1. Tanggal 17 Februari 1957

Telah terbentuk Panitia Penuntutan Kabupaten Daerah Otonom Tingkat II yang diketuai oleh M. Jalaluddin dan Sekretarisnya Imansyah. Pada waktu itu juga kerukunan Keluarga Bakumpai (KKB) ikut mengajukan tuntutan agar Kewedanan Marabahan dapat ditingkatkan menjadi kabupaten.

2. Tanggal 15 Maret 1957

Panitia Penuntut Kabupaten mengadakan rapat yang dihadiri oleh Partai Politik dan Organisasi Masa untuk menyusun resolusi yang isinya memohon kepada Pemerintah agar kewedanaan Marabahan dapat ditingkatkan menjadi Daerah Otonom Tingkat II yang diberi nama kabupaten dalam waktu yang sesingkatsingkatnya.

3. Tanggal 1 Juni 1957

Panitia Penuntut kabupaten mengadakan rapat untuk menentukan sikap dengan dibentuknya Provinsi Kalimantan Tengah.

4. Bulan Juli 1957

Membentuk Panitia Penampung Hasrat Rakyat Marabahan dengan Ketua H. Marli Hasan, Wakil Ketua M. Jalaludin dan Sekretaris H. Syarkani. AB.

5. Tanggal 15 Juli 1957

Panitia Penampungan Hasrat Rakyat Marabahan mengadakan rapat umum di Pasar Marabahan dengan kesimpulan apabila tuntutan menjadi kabupaten tidak berhasil, masih terbuka jalan untuk menjadi kabupaten di Kalimantan Tengah.

6. Tanggal 17 Juli 1957

Presiden Soekarno berkunjung ke Banjarmasin dan menanggapi cara tuntutan Panitia Penampungan Hasrat Rakyat Marabahan yang menyatakan akan masuk Kalimantan Tengah dengan perkataan : “Mis Begrifven Demokrasi”. Akibat adanya tanggapan presiden tersebut, maka komando P.D.M. Martapura Letnan H. Muhammad Noor bersama Bupati Kepala Daerah Kabupaten Banjar yang diwakili Oleh H. Mukerad Bakeri, Ketua DPRD Bidang Ekonomi datang ke Marabahan untuk melihat secara dekat keadaan situasi Marabahan, namun kenyataannya Marabahan tetap aman.

7. Tanggal 18 Juli 1957

Sebagai pengurus mengundurkan diri dari kepanitian

8. Tanggal 20 Juli 1957

Mukrad Bakeri dan Wedana Mustafa Ideham memberi penjelasan kepada tokoh masyarakat untung ruginya masuk Kalimantan Tengah.

9. Tanggal 24 Juli 1957

Diadakan rapat untuk melengkapi personalia Panitia Gabungan Partai Politik diadakan Organisasi Massa Penuntut Kabupaten dengan susunan panitia baru sebagai berikut :

- Ketua : Baidillah - Wakil Ketua : M. Taosun Ma'ruf - Penulis I : Anang Asran - Penulis II : Darmansyah - Bendahara : Maksum - Pembantu : Semua anggota partai/organisasi yang ada.

10. Bulan Agustus 1957

DPRDP Kabupaten Banjar mengadakan kunjungan ke Marabahan sekaligus berdialog dengan tokoh masyarakat, pamong praja dan parpol/ormas.

11. Tanggal 8 Agutus 1957

DPRDP Kabupaten Banjar dalam sidangnya mengambil keputusan yang isinya pada Pemerintah Pusat agar Daerah Swatantra Tingkat II Kabupaten Banjar dibagi menjadi 3 (tiga) wilayah sebagai berikut :

a.
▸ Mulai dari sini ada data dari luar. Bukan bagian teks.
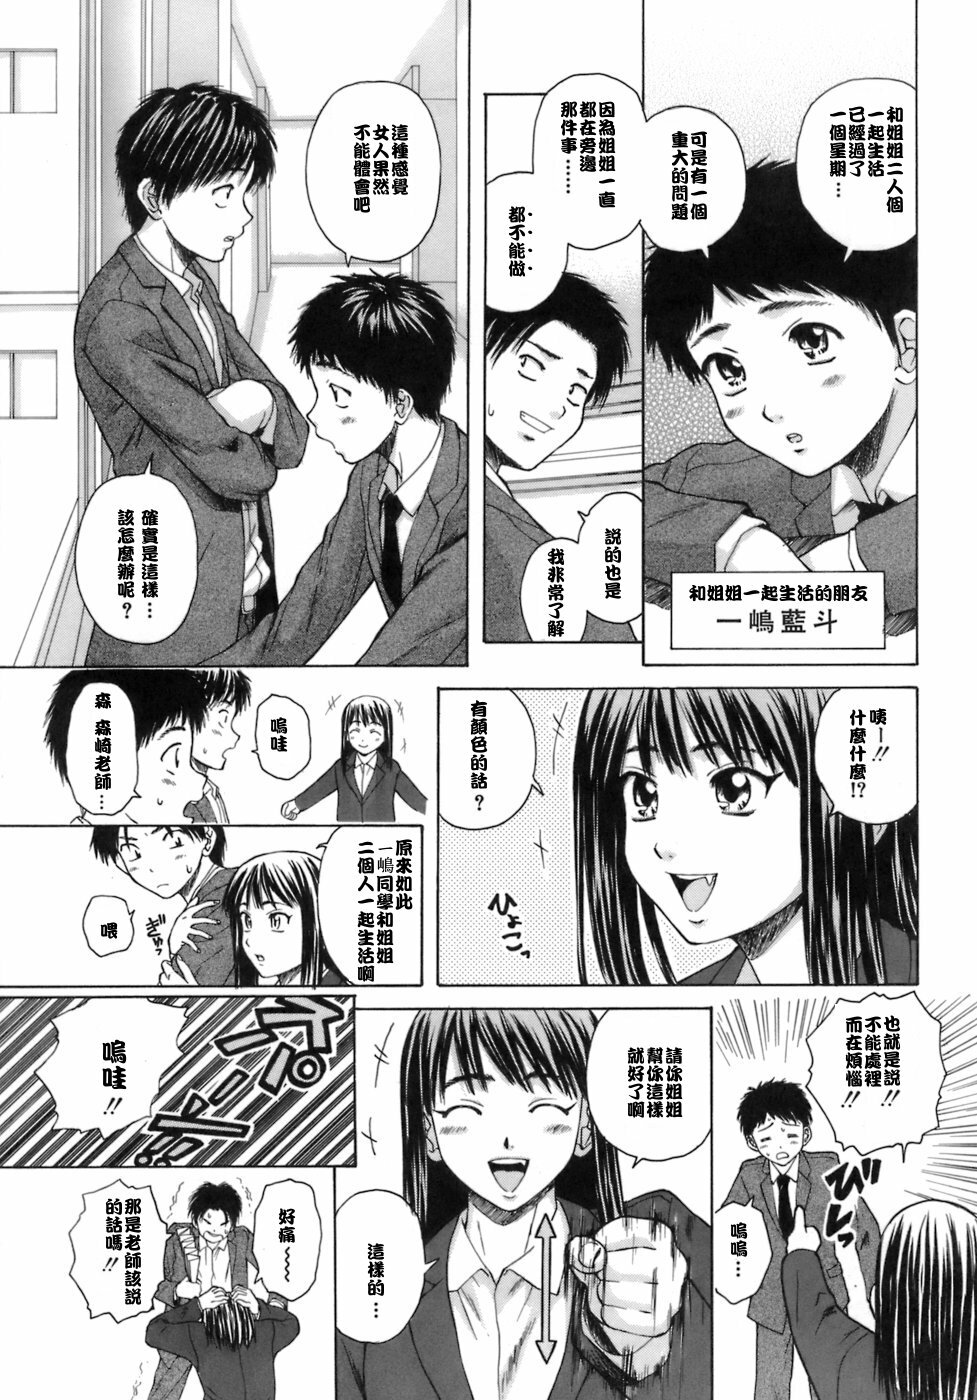 [Fuuga] Kyoushi to Seito to - Teacher and Student [Chinese] [悠月工房] page 20 full

Kabupaten Banjar Barat meliputi Kewedanan Kayu Tangi;

b. Kabupaten Banjar Tengah meliputi Kewedanan Ulin;

c. Kabupaten Banjar Timur meliputi Kewedanan Barito Kuala.

12. Tanggal 19 Agustus 1957

DPRDP Provinsi Kalimantan Selatan dalam sidangnya hanya dapat menyetujui 2 (dua) Daerah Swatantra tingkat II saja, yaitu :

a. Kabupaten Banjar Barat meliputi kewedanan Kayu Tangi, Tanah Laut dan Ulin;

b. Kabupaten Banjar Timur meliputi Kewedanaan Barito Kuala.
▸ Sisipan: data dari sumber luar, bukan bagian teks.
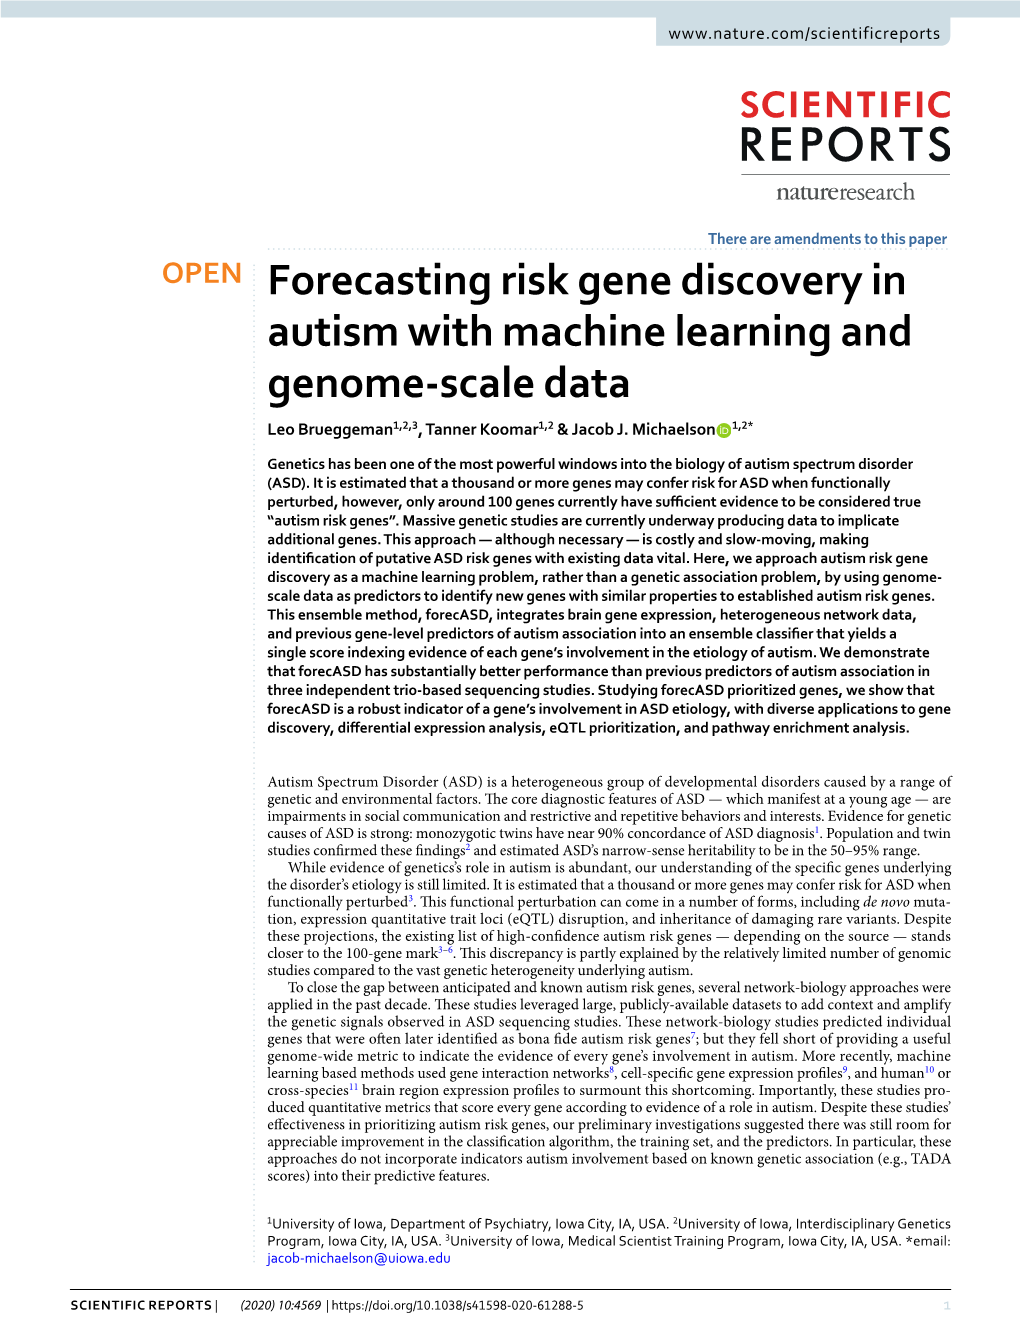 Forecasting Risk Gene Discovery in Autism with Machine Learning and Genome-Scale Data Leo Brueggeman1,2,3, Tanner Koomar1,2 & Jacob J

13. Tanggal 30 Oktober 1957

DPRDP Kabupaten Banjar membuat resolusi yang isinya mendesak kepada DPRD Provinsi Kalimantan Selatan agar meninjau kembali keputusannya tanggal 19 Agustus 1957 dengan memperhatikan Keputusan DPRD Kabupaten Banjar tanggal 8 Agustus 1957. Pada hari itu juga dating ke Kalimantan Selatan 2 (dua) orang dari Biro Otonomi Daerah Departemen Dalam Negeri yaitu Drs. Husin dan Mr. Parengkuan.. Kedua utusan tersebut mengadakan pertemuan di Barabai dengan wakil-wakil daerah yang mengajukan permintaan otonomi daerah tingkat II. Mukerad Bakeri, anggota DPD Kabupaten Banjar mewakili Marabahan. Setelah terjadi dialog yang mendalam, oleh utusan dinyatakan tuntutannya akan diperhatikan apabila data-data yang lengkap tentang Marabahan dapat diserahkan sebelum utusan kembali ke Jakarta.
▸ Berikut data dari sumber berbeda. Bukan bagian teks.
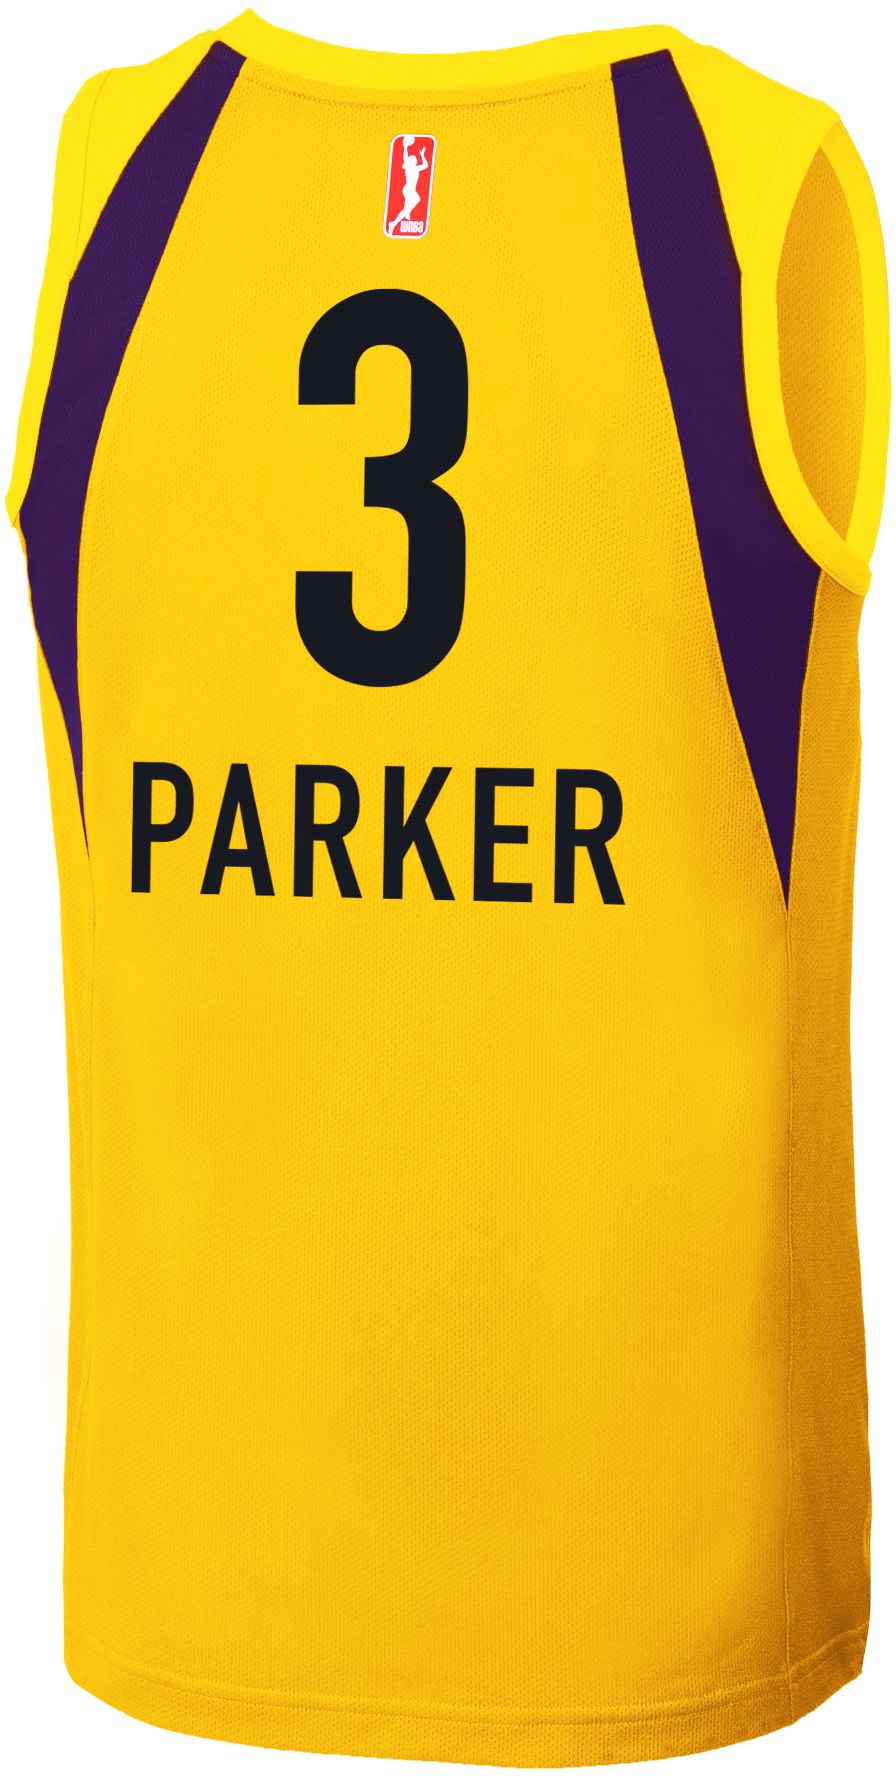 candace parker jersey for sale

14. Tanggal 1 Nopember 1957

Mukrad Bakeri bersama-sama dengan Sekretaris Pemda Provinsi Kalimantan Selatan (M. Burhan Noor) menyerahkan data-data dimaksud kepada Utusan Departemen Dalam Negeri diLandasan Ulin.

15. Bulan Nopember 1957

Di luar daerah kerukunan Keluarga Bakumpai (KKB) juga turut berjuang dengan cara mengadakan pendekatan dengan Gubernur Kepala Daerah Provinsi Kalimantan Selatan.

16. Bulan 24 Nopember 1957

Mukerad Bakeri memberikan penjelasan kepada Panitia Gabungan tentang Pembentukan Kabupaten.

17. Tanggal 18 Januari 1958

Panitia gabugan memberikan kuasa kepada Anggota Dewan Nasional, yaitu :

1.Brigjen H. Hasan Basri, Letkol Inf. Dan Resimen Infanteri 21/LAM di Banjarmasin.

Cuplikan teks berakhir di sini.